Since you all loved him so much for his previous dissertation on Sir Martin Sorrell, we couldn't resist bringing Dean Crutchfield back for another round of industry-related musings. A consultant and strategist whose other writings can be found in AdAge's Stories: CMO Strategy, Crutchfield now waxes poetic about client-agency compensation issues.
I was brought up on the notion that there were two things we could guarantee in our lives: Debt and Death. Today we've got agencies in debt and death of advertising smears.

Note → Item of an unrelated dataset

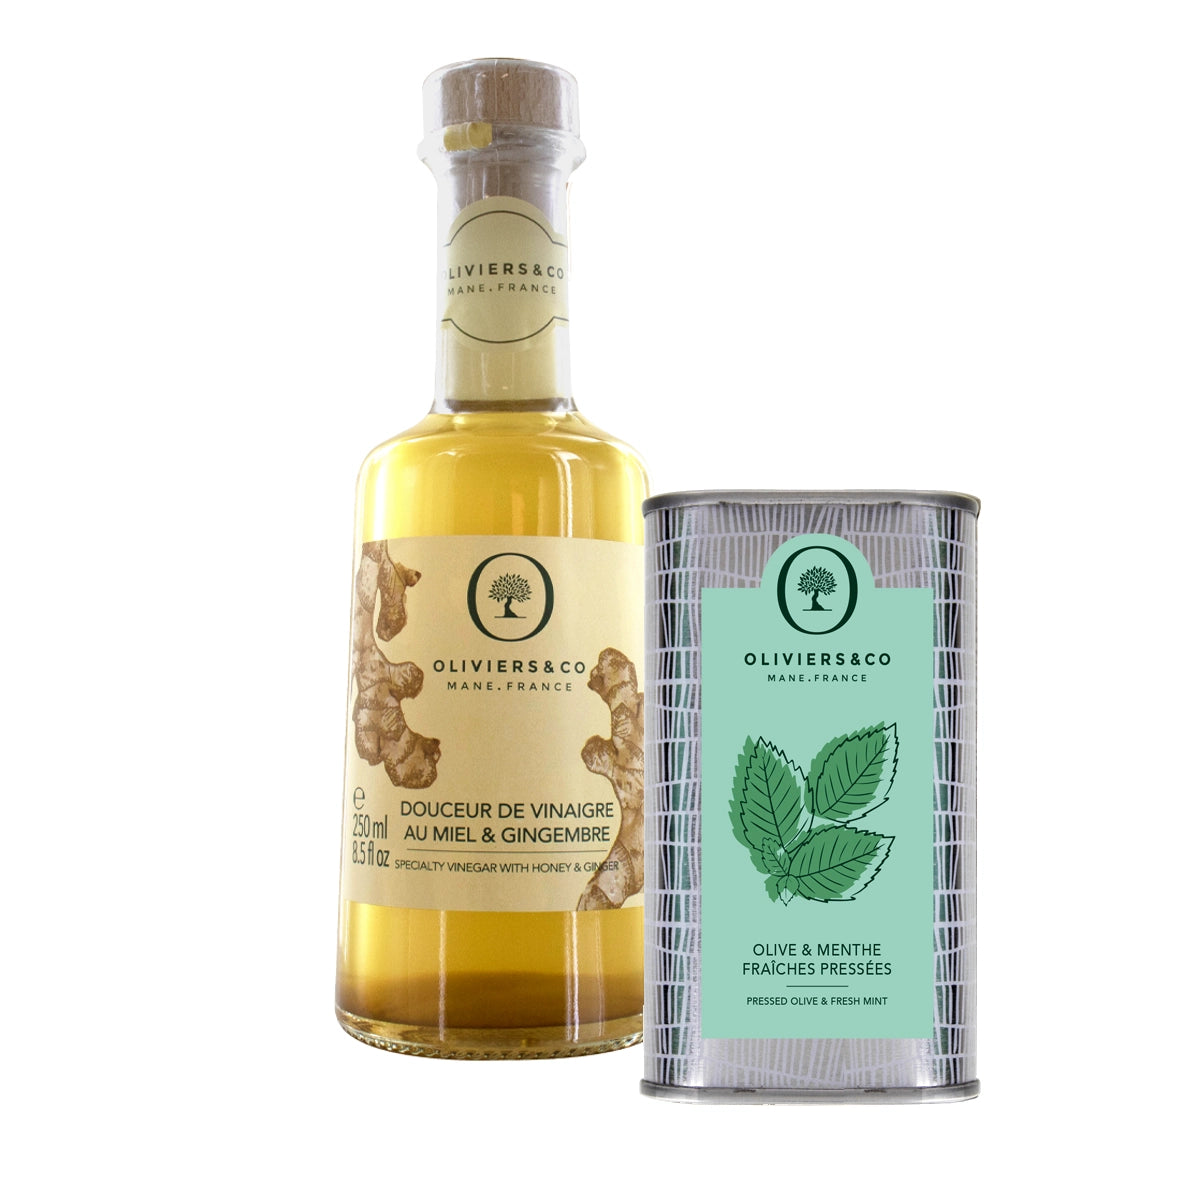 Olie & eddikesæt olivenolie med mynte 250ml, honning-ingefæreddike, 250ml, Oliviers & Co

In the face of this adversity, the often approached and avoided "value-based" compensation system is making a successful comeback via marketing heavyweights, Coca Cola and P&G; with P&G going to the extreme edge of the curve with one agency made responsible for all the other partners, including payments, budgets and hires! It's tragically ironic that whilst recession is a viable reason to reexamine how clients pay their agency partners, the solution is not to stop paying them!

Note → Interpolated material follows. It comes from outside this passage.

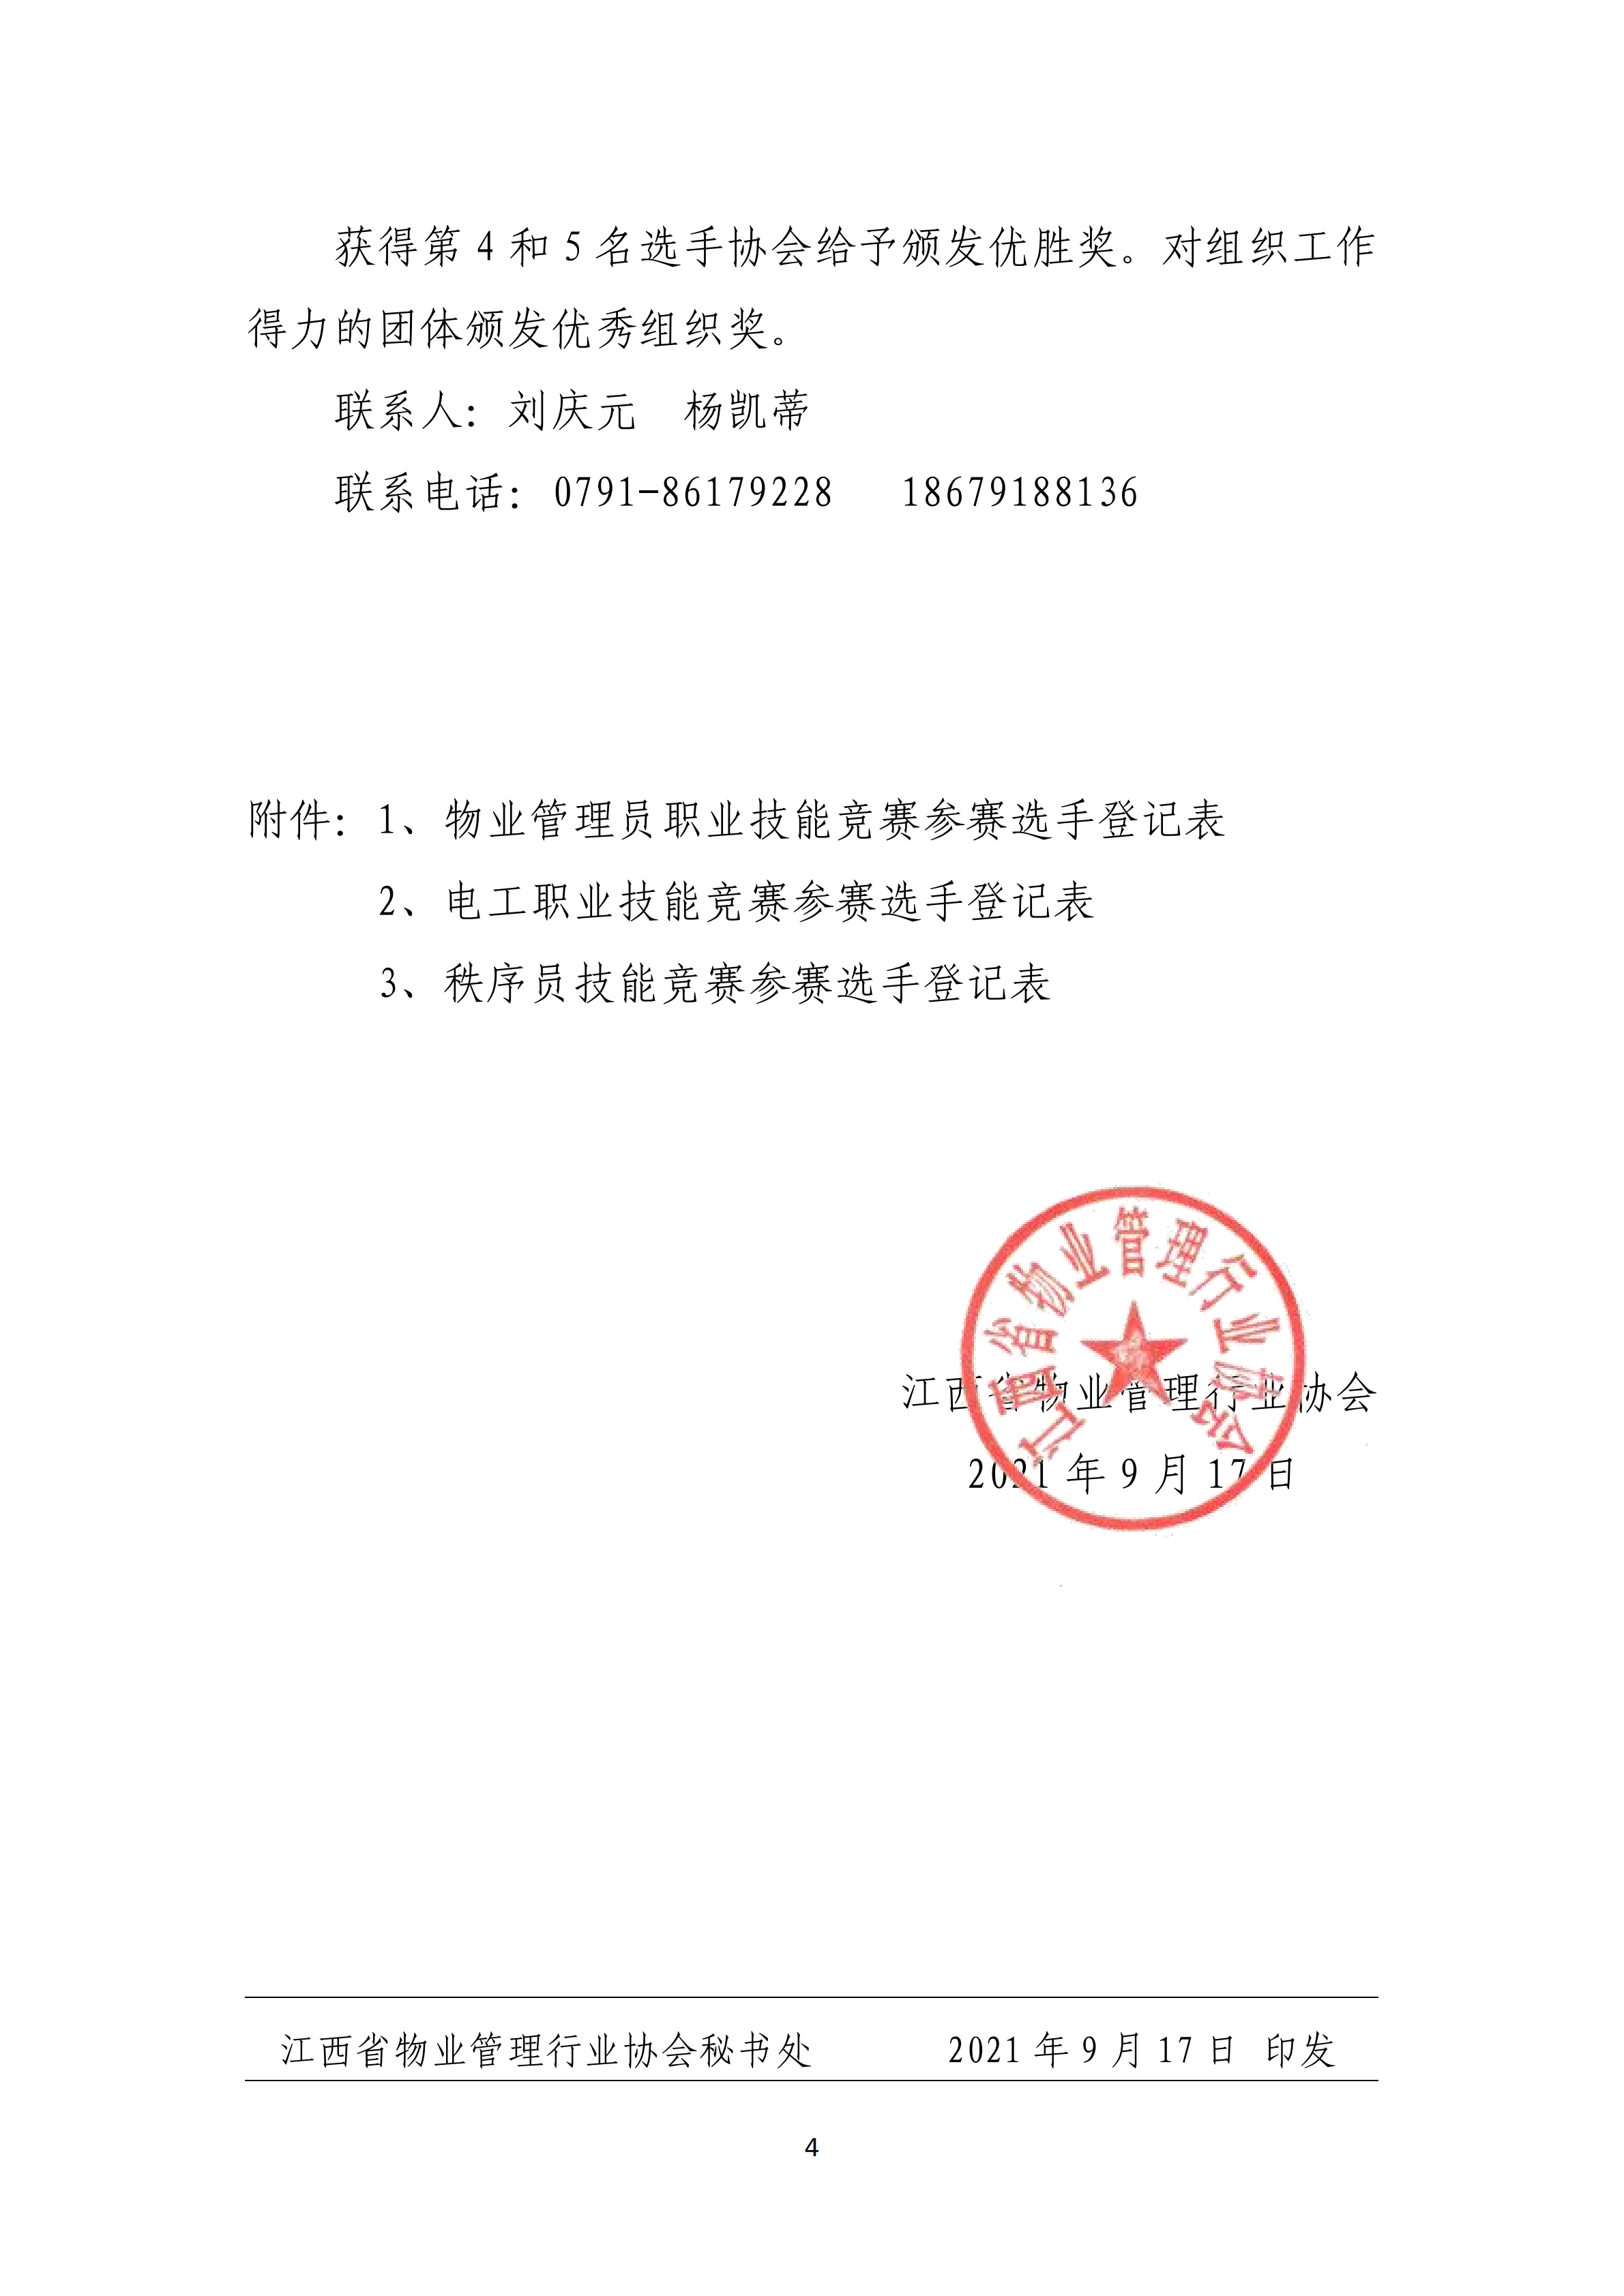 关于举办2021年江西省物业管理行业职业技能竞赛的预通知(赣物协【2021】7号)(5)_03.png

My favorite face on a currency, Mr. Benjamin Franklin, advised that "a penny saved is a penny earned." And that's exactly the advice corporate clients have adapted to assuage their cash flow by holding onto what's rightfully yours. That, in a nutshell, is it, cash flow; theirs first, yours whenever...Facts are stubborn things so what's the ethical thing to do? That mostly depends on who is asking, in this case the agency, who is going to be affected (the agency), and the likely outcome: a defunct agency (maybe).